> _Work order_: Beginning at the line containing "中共党史20套27枚邮票一大会址八大等成立七十周年纪念币3枚语500斤", give again every line through the end of the data, unchanged and with both ends included. Drop any pictures.

> _Given information_:

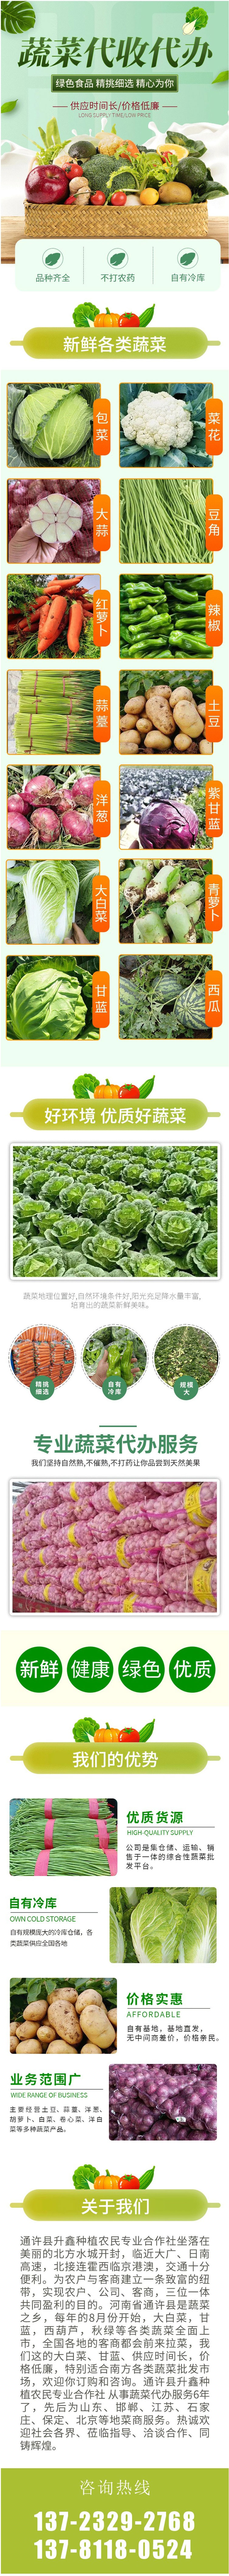 有机胡萝卜-250g-红萝卜-火锅食材-新鲜蔬菜-产地直供.jpg
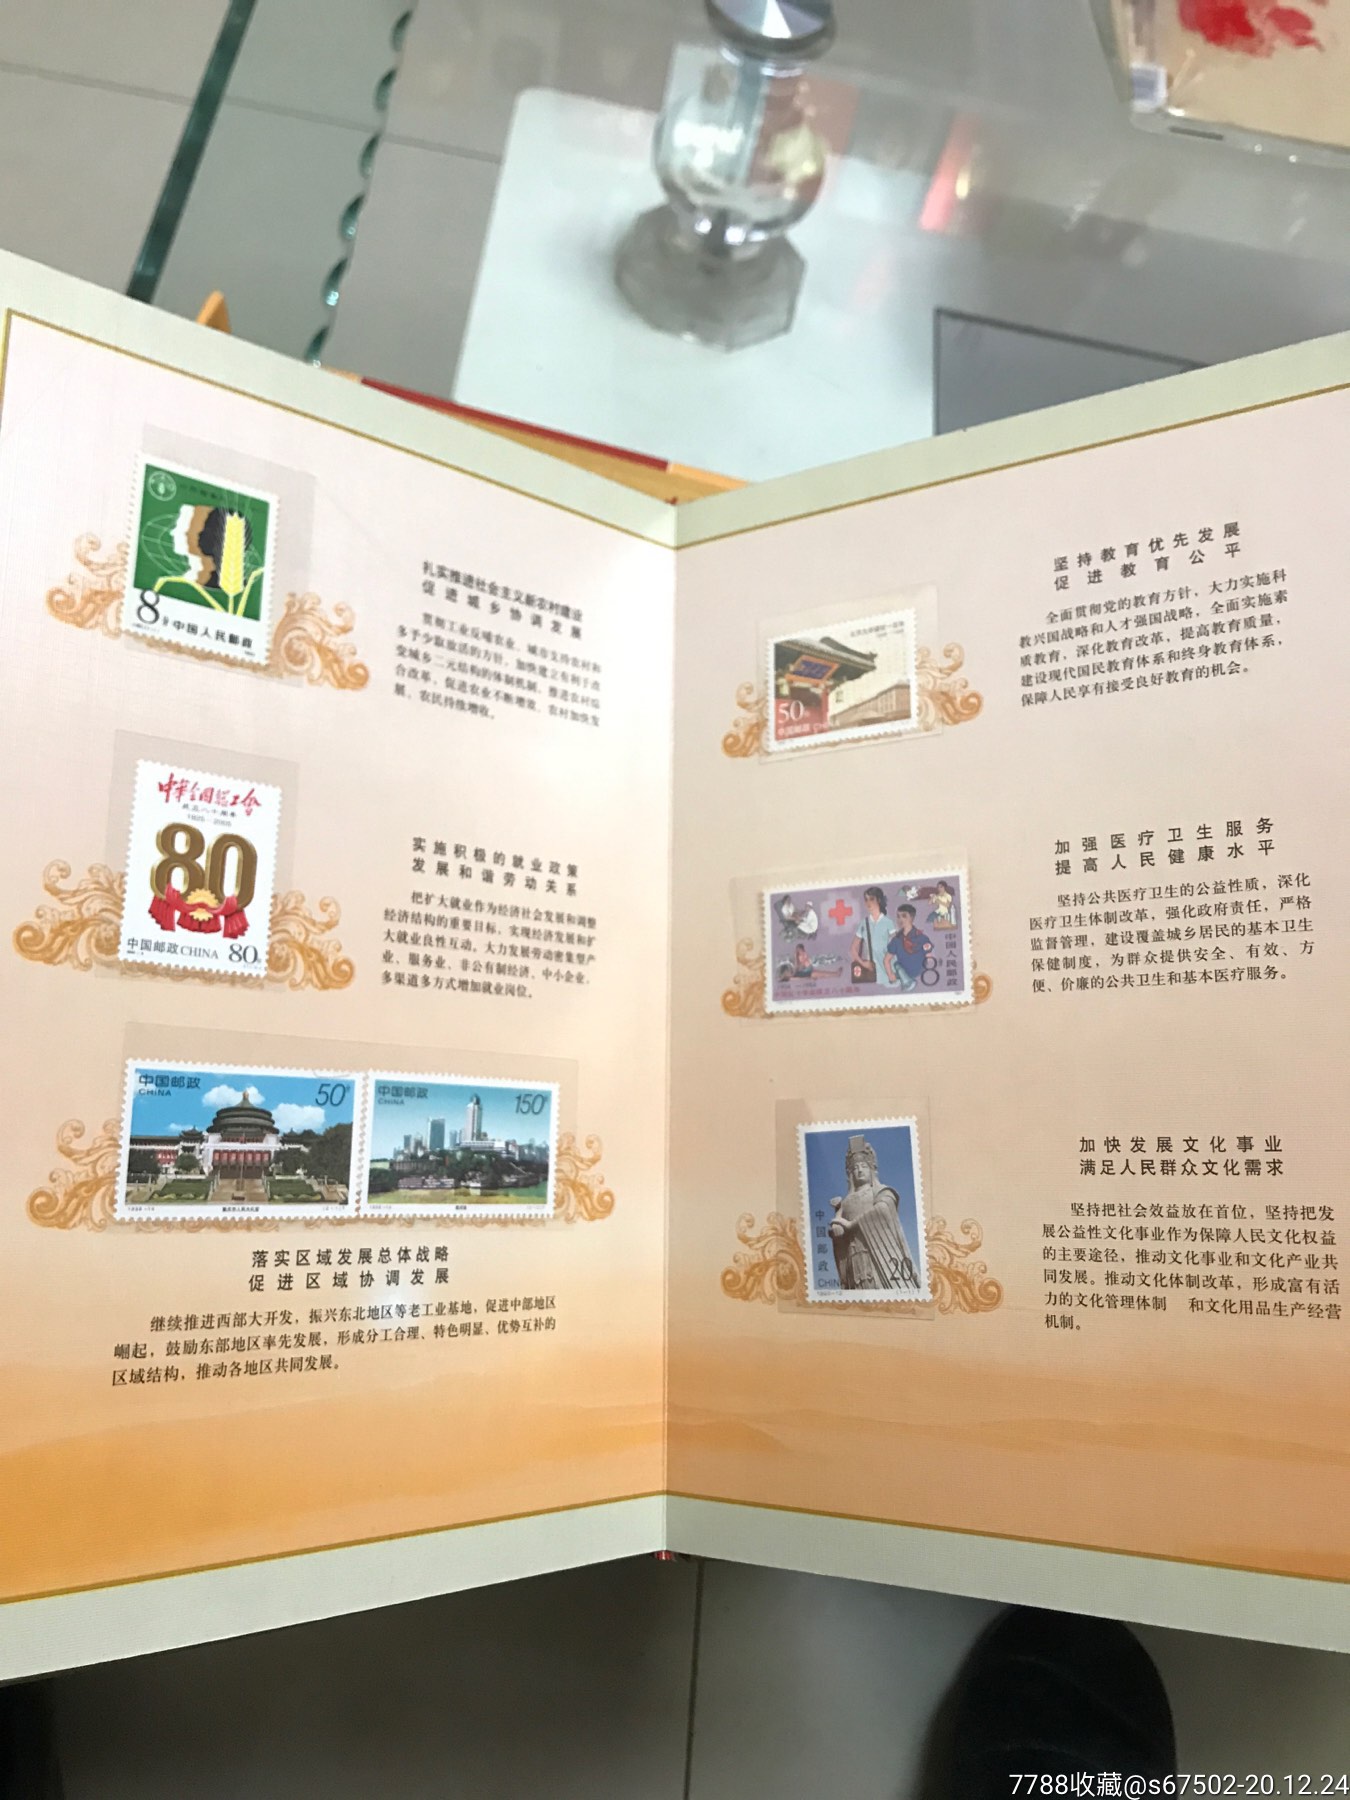 中共党史20套27枚邮票一大会址八大等成立七十周年纪念币3枚语500斤
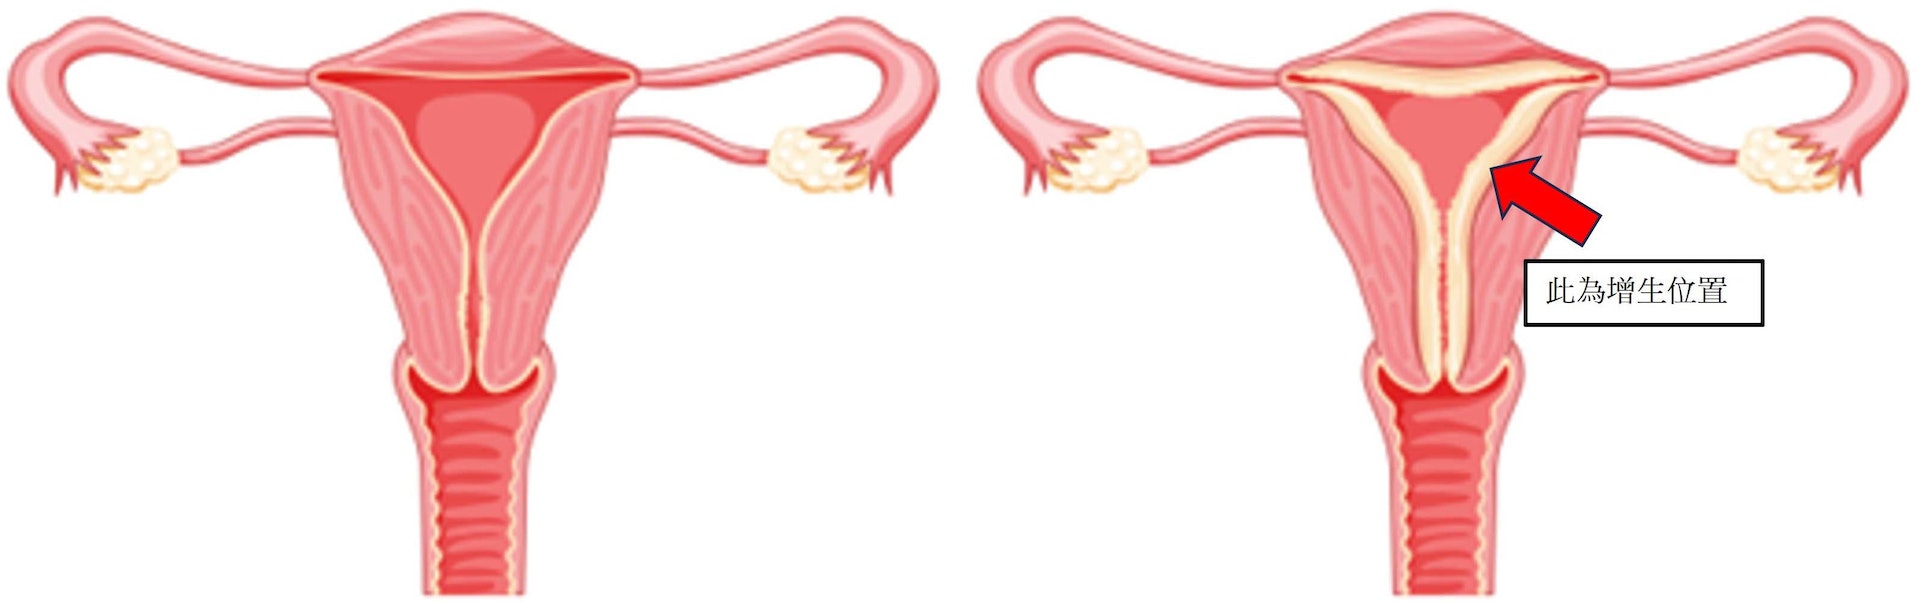 雌激素會刺激子宮內膜細胞過度增生，當缺乏黃體素制衡，便會造成子宮內膜增生。(左為正常子宮、右為子宮內膜增生)

> _Result for this exercise_:
 中共党史20套27枚邮票一大会址八大等成立七十周年纪念币3枚语500斤
 雌激素會刺激子宮內膜細胞過度增生，當缺乏黃體素制衡，便會造成子宮內膜增生。(左為正常子宮、右為子宮內膜增生)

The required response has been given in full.